# Escudo - a noob's review



## Desertlifter (Feb 22, 2011)

Time for the latest in my "smoke my way through my noob trade stuff" adventure. Today I chose Escudo with some help from my BOTL's in another of my "I don't feel like making my own decision" threads. 

Got home from work and relaxed for a few, then gathered my smoking supplies. Pipe? Check. Tobacco? Check. Pipe tool and matches? Check and check. Rubbed the escudo, packed my pipe (MM Diplomat), and gathered the rest of my essential "fair weather" pipe smoking supplies. Cell phone, Maxim magazine, dog, and empty milk carton.

Took everything out to the patio (except the dog - she takes herself), kicked the milk jug out into the snow, and while my lab/border collie mix fantasized about the milk jug being a duck/sheep hybrid - alternately herding it and retrieving it for me - I lit up my pipe and copped a squat on my glider rocker.

This tobacco was "sproingy" when I packed the bowl. I read about saving a bowl-sized disk of tobacco for the middle of the bowl, so I had packed it thusly. Initial light brought on big fluffy clouds of smoke, a bit of pepper (perique?), very subtle sweetness, and a bit more cigar-ish flavor than I have had in other pipe tobaccos so far. Liked it. This was also very easy to light and keep thusly, at least for the first half of the bowl.

As I sipped my way through the escudo the peppery flavor abated somewhat and I was greeted by a very subtle sweetness. I couldn't tell if this was from the tobacco or the pipe - it was almost "cobbish." Etymologists love me, and why not? At this point the burn was abating a bit and I let the bowl extinguish itself for a dinner break. It just seemed right, and I had not tried this yet. Sacrilege in cigar-land, but reportedly acceptable on the pipe side.

It was about 45 degrees when I first lit up, but the sun was now heading to the ocean. After my dinner and a news break, I went back outside (with shady the smoking dog of course), re-lit the pipe, and found ......that it was just fine. Initial pepper once again abated, and the tobacco kept smoldering away in my pipe. A bit of sweetness returned when I reached the disk of un-rubbed tobacco, and then it abated again deeper into the bowl.

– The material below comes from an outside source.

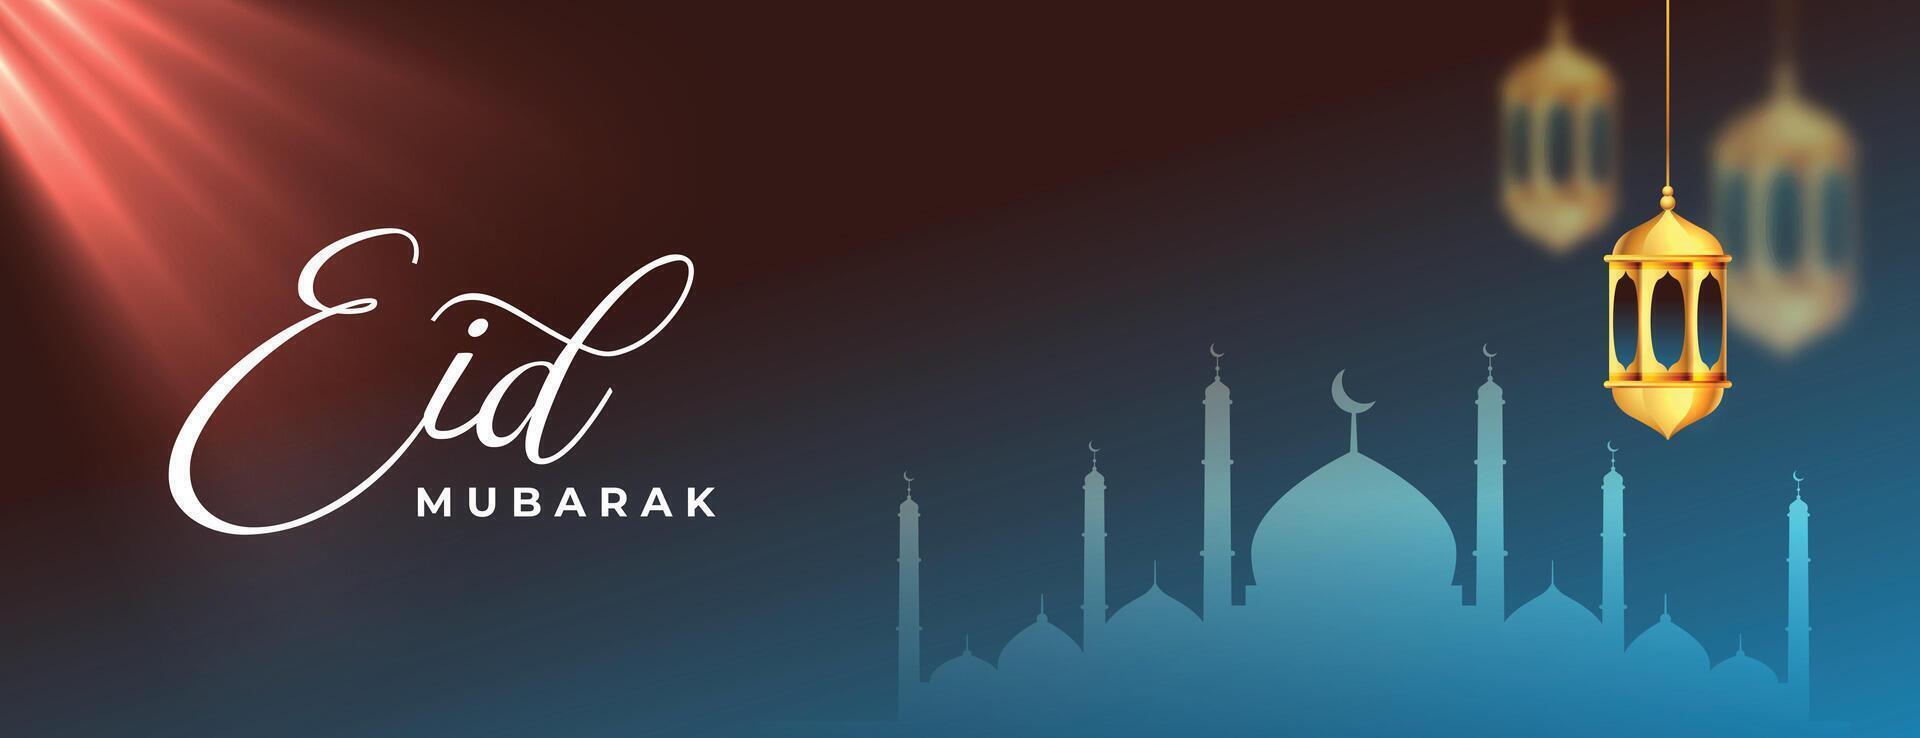 moslim eid mubarak realistisch lantaarn banier met licht effect vector

In the end this was what I would call a light to medium tobacco with subtle sweetness and a touch of pepper. It bit a skosh on lighting/relighting, but rewarded a slow sip with an even burn. Now that I've finished the smoke and am enjoying puff with a nut brown ale, I note that I have no tongue bite - I think that the bite I received on lighting the pipe was more from the perique than anything else. The tobacco itself was noticeably cooler than my previous Frog Morton or Maple Street - especially the Maple Street. I can't over-emphasize the (for me) mild flavor of this smoke. It went out once toward the end of the bowl and I didn't notice because the temperature had dropped enough that I was puffing and exhaling steam. This would be overwhelmed by my typical smoking beverages - whiskeys, port, or perhaps cognac. I quite enjoyed it and anticipate keeping it around - good for a morning smoke.

Now question time if you've made it this far. Verbosity is my watchword.

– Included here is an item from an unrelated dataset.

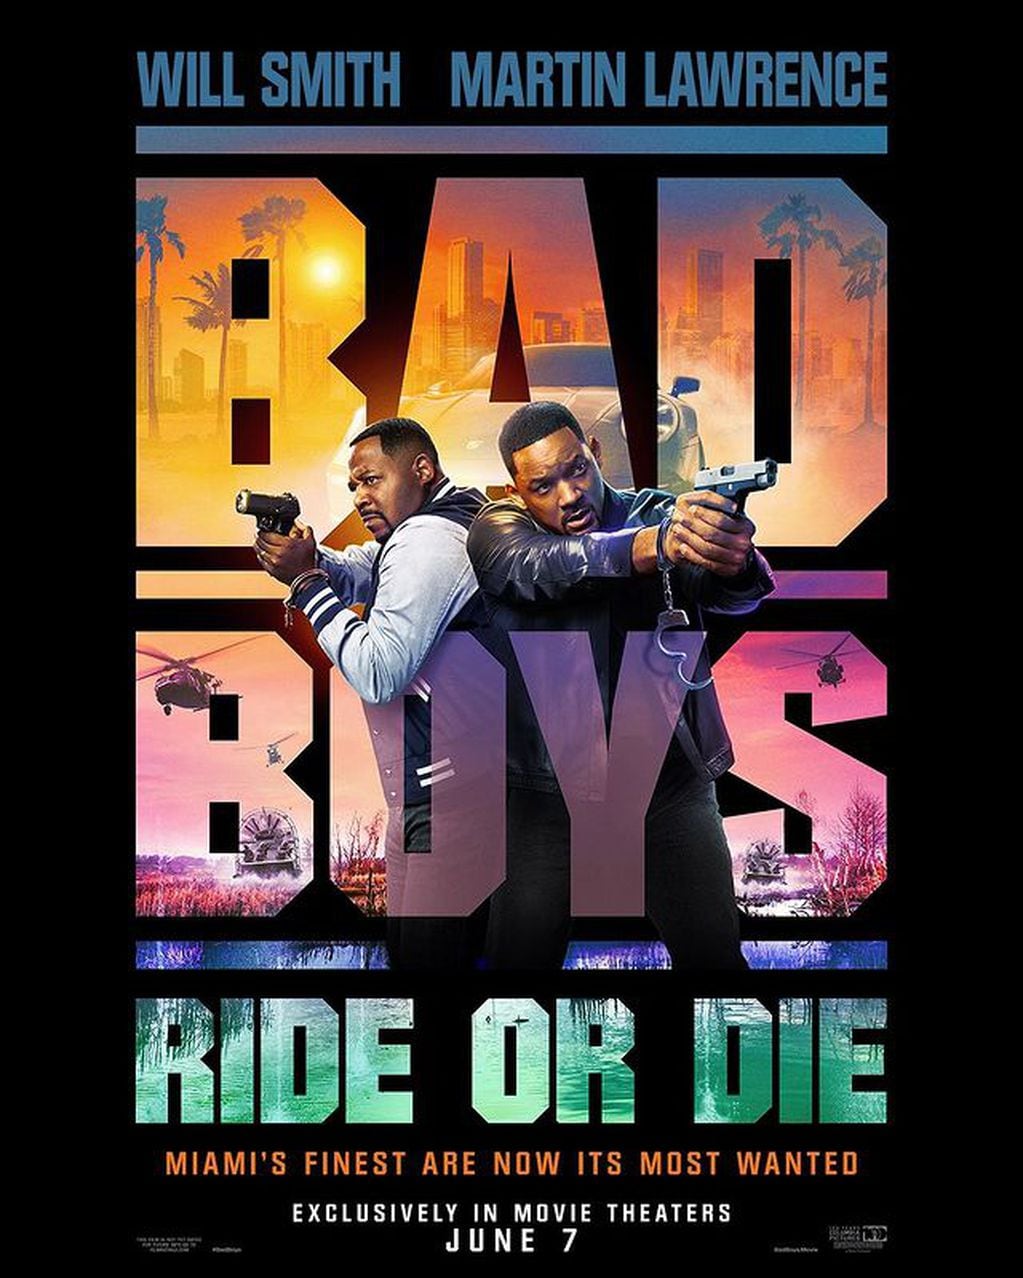 Trueno formó parte del soundtrack de Bad Boys 4: Ride or Die

I was puffing away toward the end of the bowl during the second half of my smoke when I noticed that it had gone out. Figuring that I was done, I tapped out the ashes. Similar to most other bowls of tobacco in my brief piping career, there was a layer of unburned tobacco in the bottom of the bowl. Is this normal? I am thinking that perhaps it is tobacco that is at the end of and perhaps under the end of the shank - there is a bit of room below it at the bottom of the bowl. Thoughts?

Submitted for your approval on January 26th - notably Douglas MacArthur's birthday. Good day for a corncob pipe, n'est ce pas?


----------



## TommyTree (Jan 7, 2012)

A fine review, and I enjoyed seeing the cigar smoker come through on the descriptions. And your experience with it mirrors, my own and those of many pipe smokers. You're actually much more attuned to the intricacies of the tobacco than I was as a newbie.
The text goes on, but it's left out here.